**TASK GOAL**
Transcribe every line of the material below exactly, leaving out the pictures.

**DATASET CONTENT**
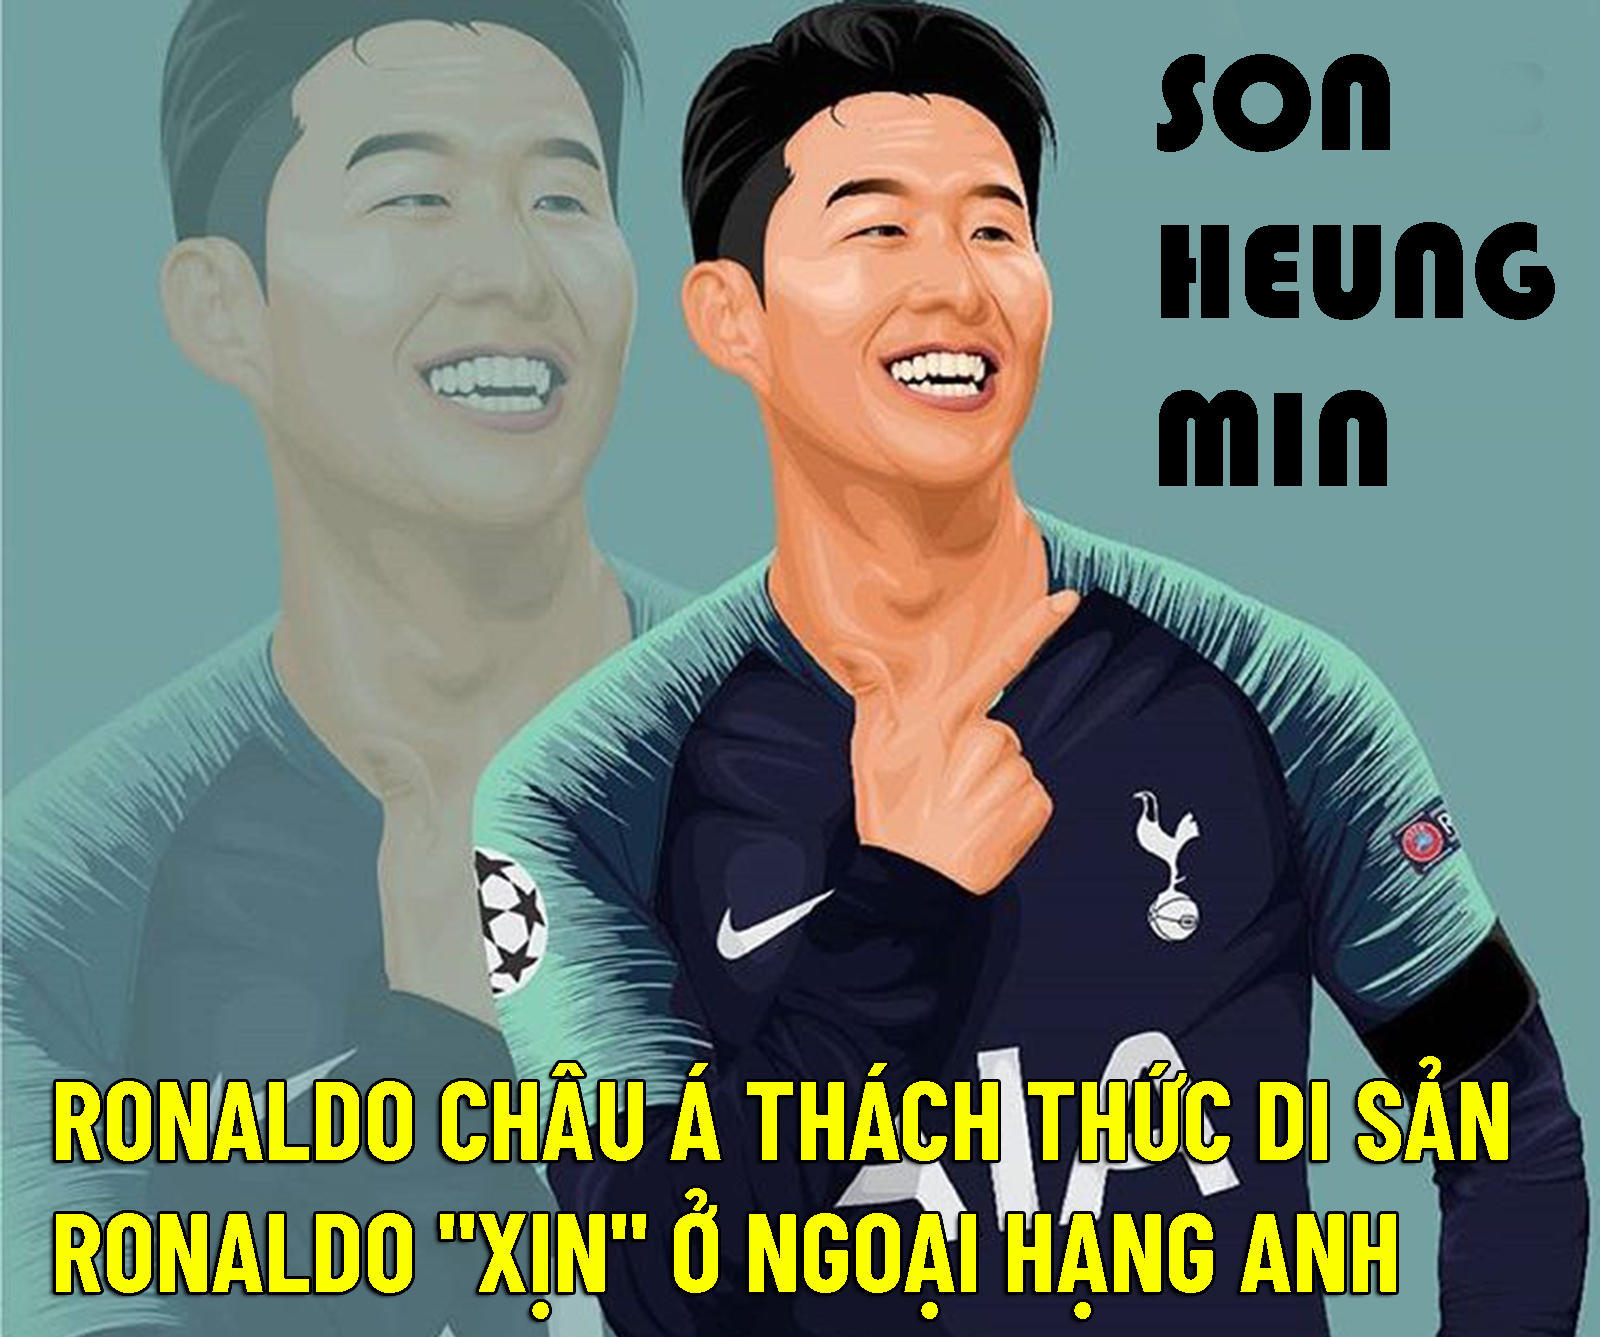 Son Heung Min: “Ronaldo châu Á” thách thức di sản Ronaldo “xịn” ở Ngoại hạng Anh - 1
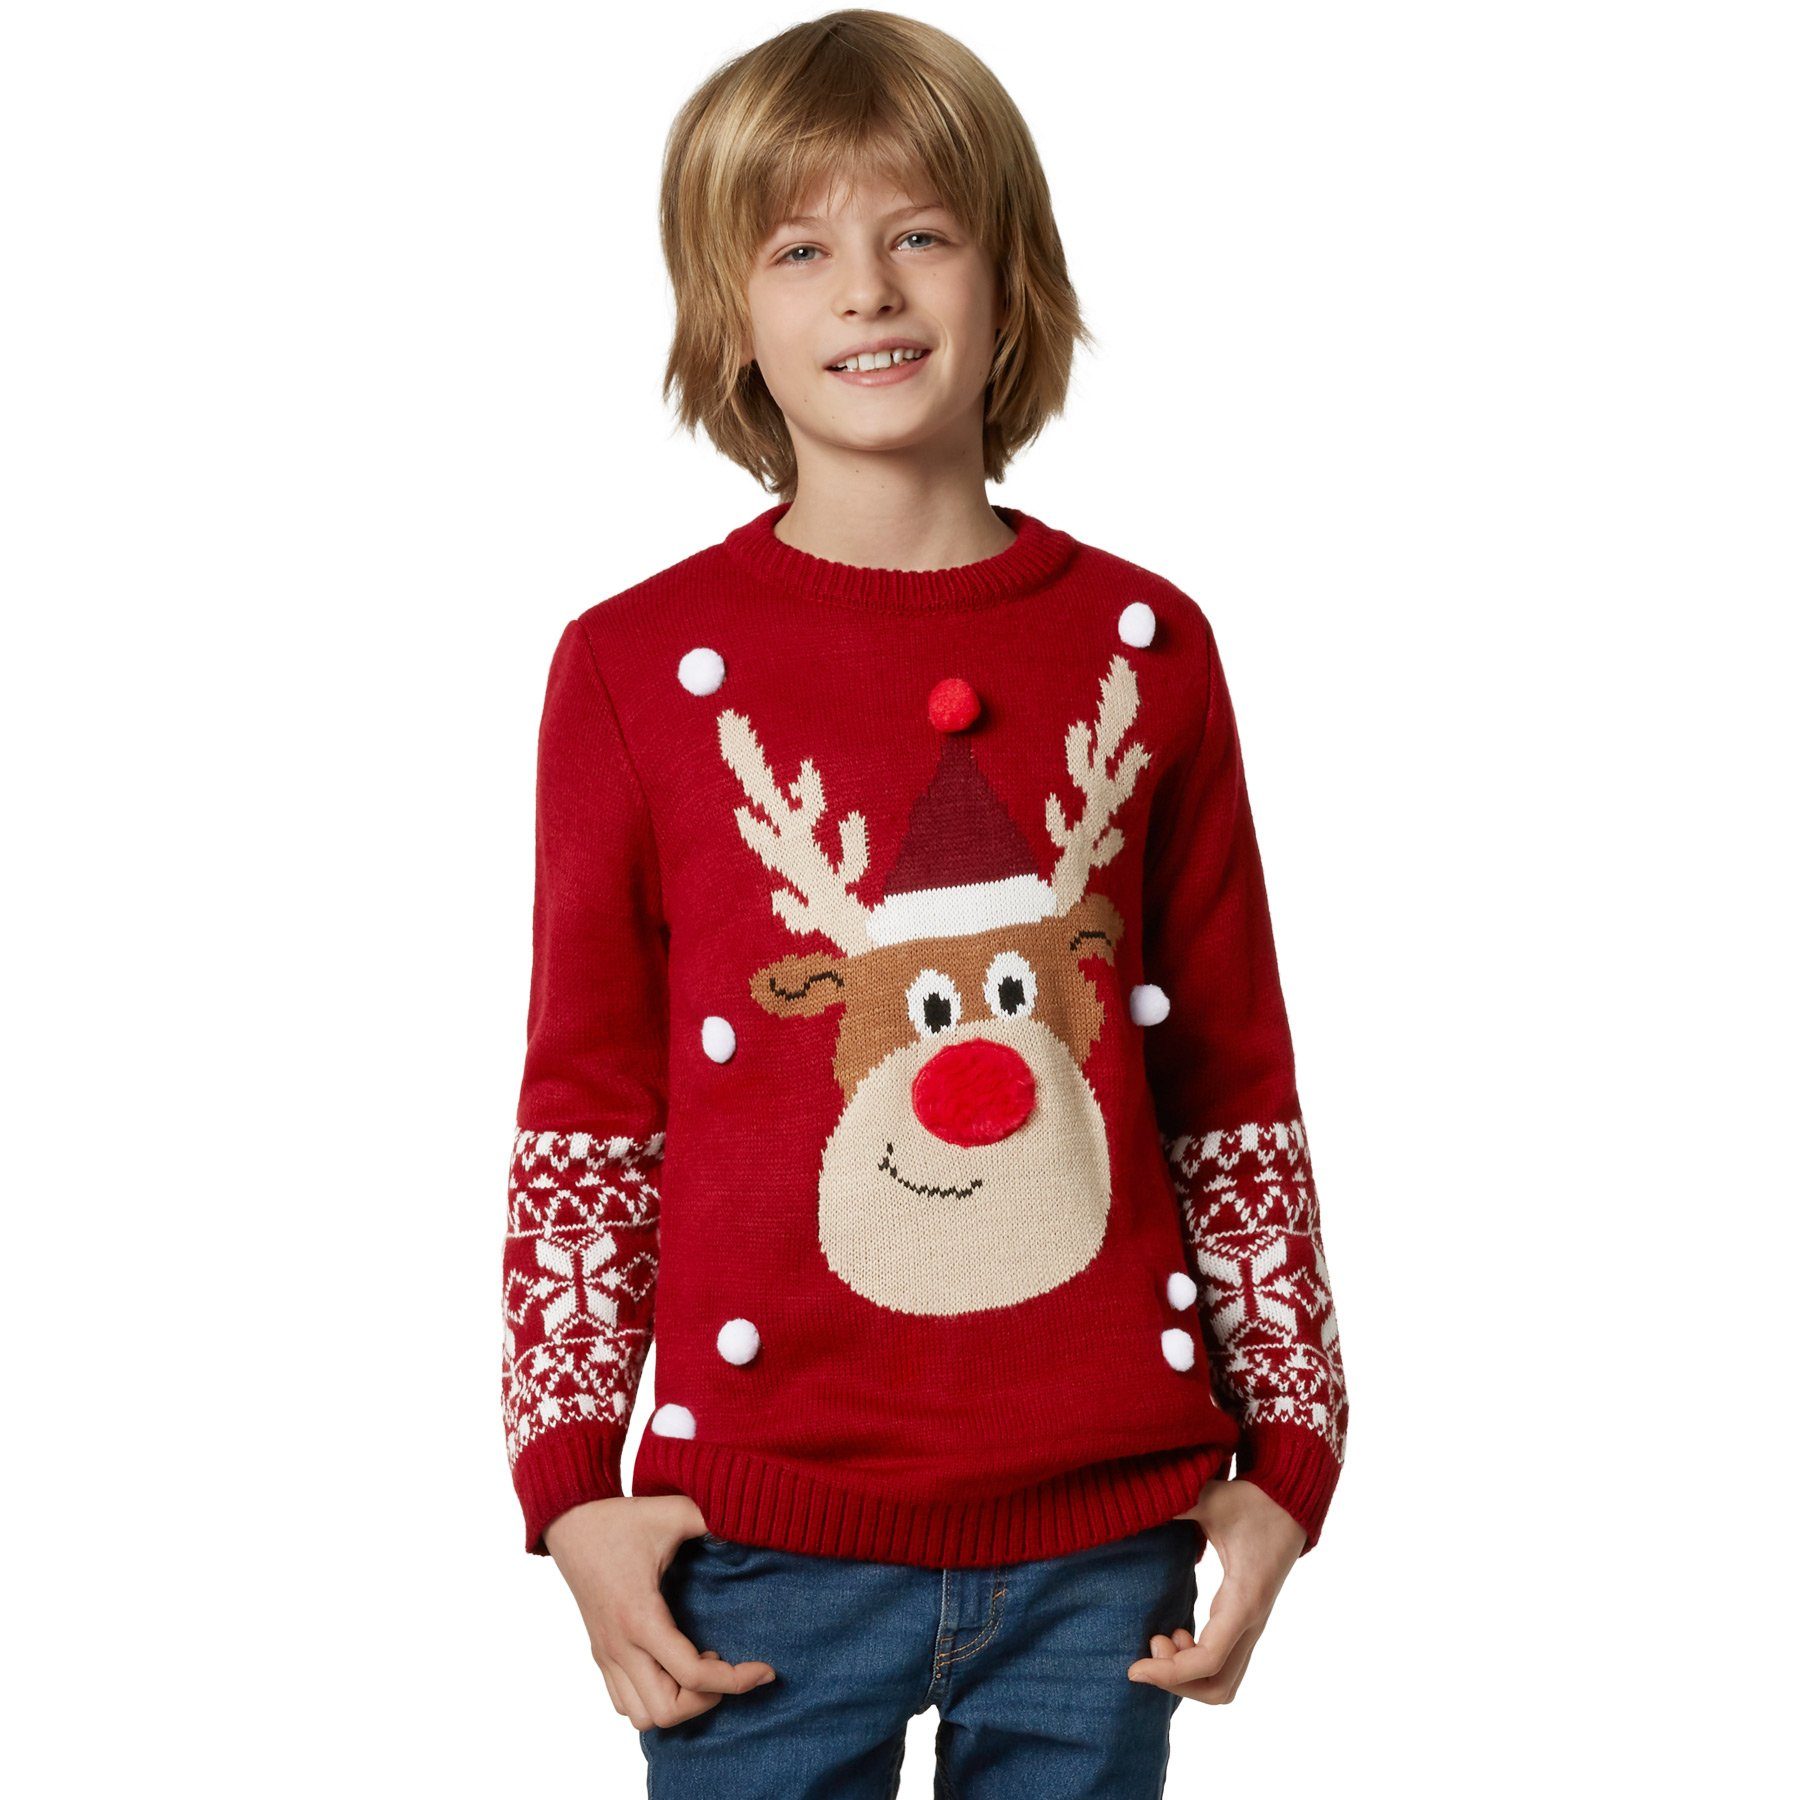 Mädchen Weihnachtspullover » Christmas Sweater online kaufen | OTTO
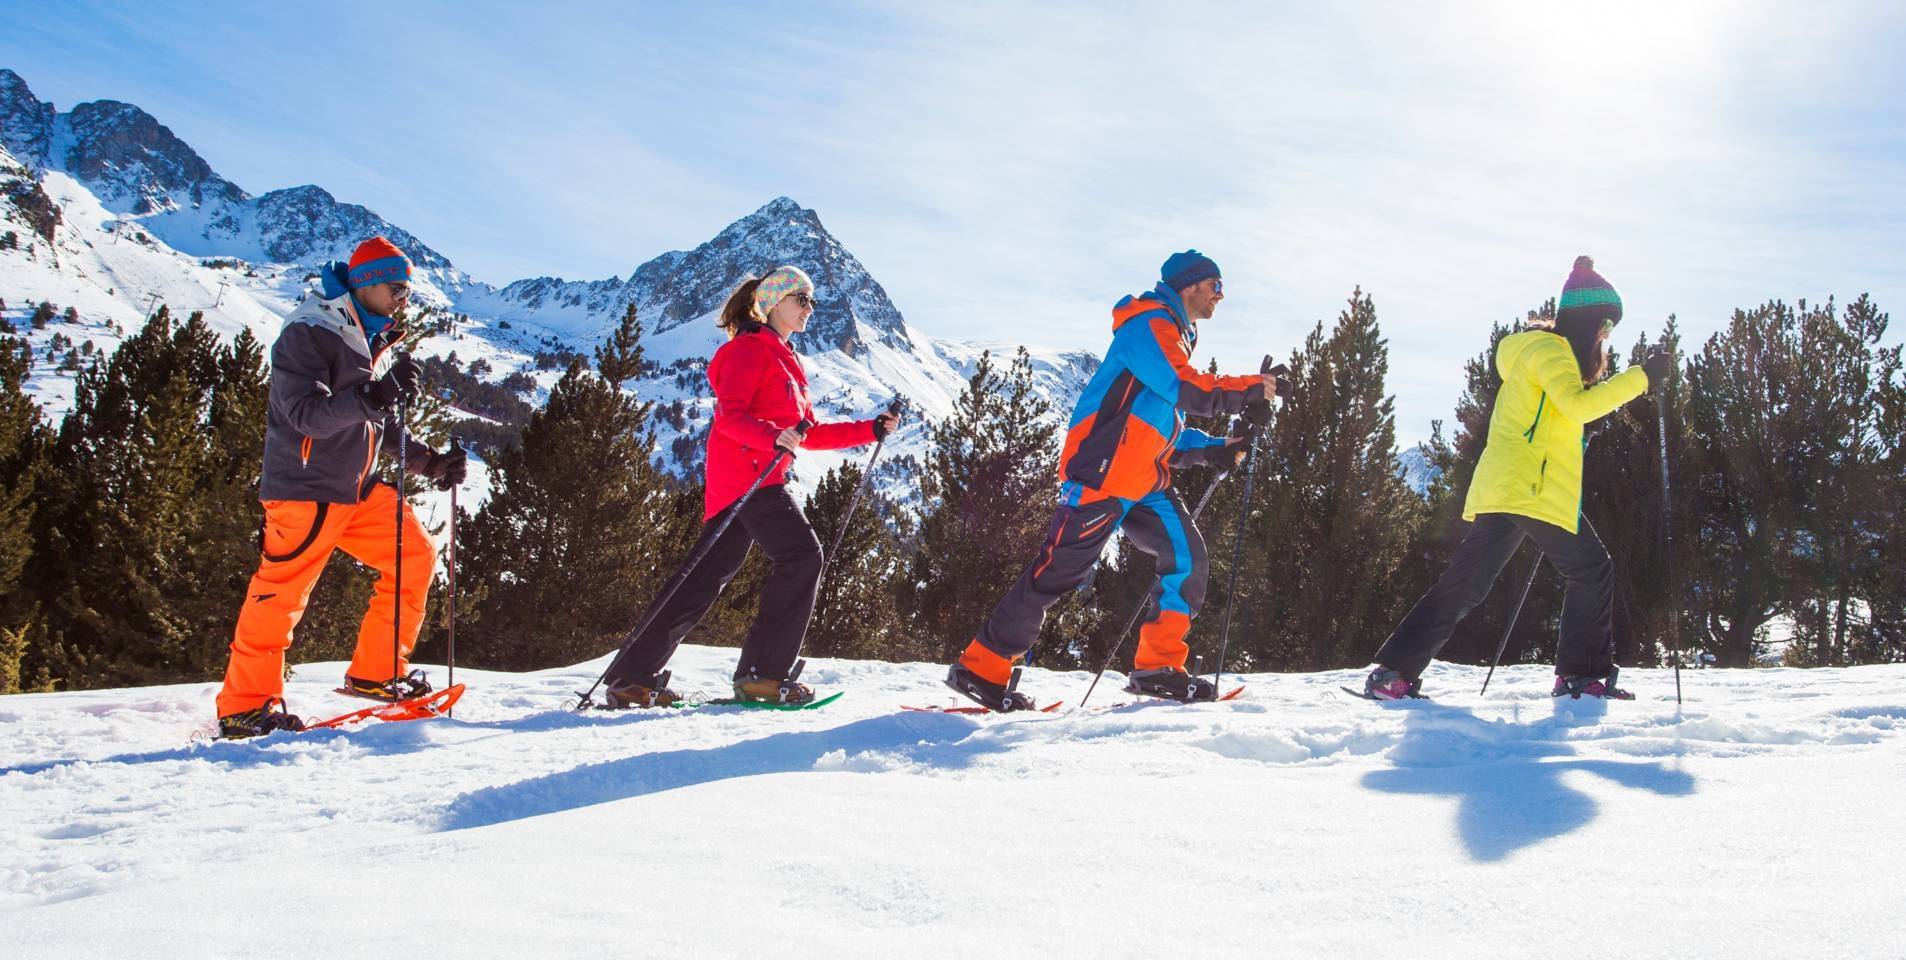 Excursió amb RAQUETES DE NEU a ANDORRA amb Esports Elit Canillo Andorra Si no saps o no vols esquiar, la manera més fàcil de gaudir de les muntanyes blanques d’Andorra és amb raquetes de neu. No necessites cap nivell tècnic i no presenta cap dificultat física. Es tracta d’un passeig insòlit sobre la neu de muntanya amb raquetes als peus. Quan ho hagis provat, repetiràs. Llogar raquetes de neu a Andorra i anar pel teu compte. No et preocupis, t’explicarem exactament quina ruta pots fer. I com funcionen les raquetes de neu. Contractar un guia que et porti i t’ensenyi els llocs meravellosos d’Andorra. https://esportselit.com/  esportselit@andorra.ad Rutes amb raquetes de neu al Principat d’Andorra amb Esports Elit Les rutes guiades amb raquetes de neu a Andorra són activitats esportives

**TASK SOLUTION**
 Son Heung Min: “Ronaldo châu Á” thách thức di sản Ronaldo “xịn” ở Ngoại hạng Anh - 1
 Mädchen Weihnachtspullover » Christmas Sweater online kaufen | OTTO
 Excursió amb RAQUETES DE NEU a ANDORRA amb Esports Elit Canillo Andorra Si no saps o no vols esquiar, la manera més fàcil de gaudir de les muntanyes blanques d’Andorra és amb raquetes de neu. No necessites cap nivell tècnic i no presenta cap dificultat física. Es tracta d’un passeig insòlit sobre la neu de muntanya amb raquetes als peus. Quan ho hagis provat, repetiràs. Llogar raquetes de neu a Andorra i anar pel teu compte. No et preocupis, t’explicarem exactament quina ruta pots fer. I com funcionen les raquetes de neu. Contractar un guia que et porti i t’ensenyi els llocs meravellosos d’Andorra. https://esportselit.com/  esportselit@andorra.ad Rutes amb raquetes de neu al Principat d’Andorra amb Esports Elit Les rutes guiades amb raquetes de neu a Andorra són activitats esportives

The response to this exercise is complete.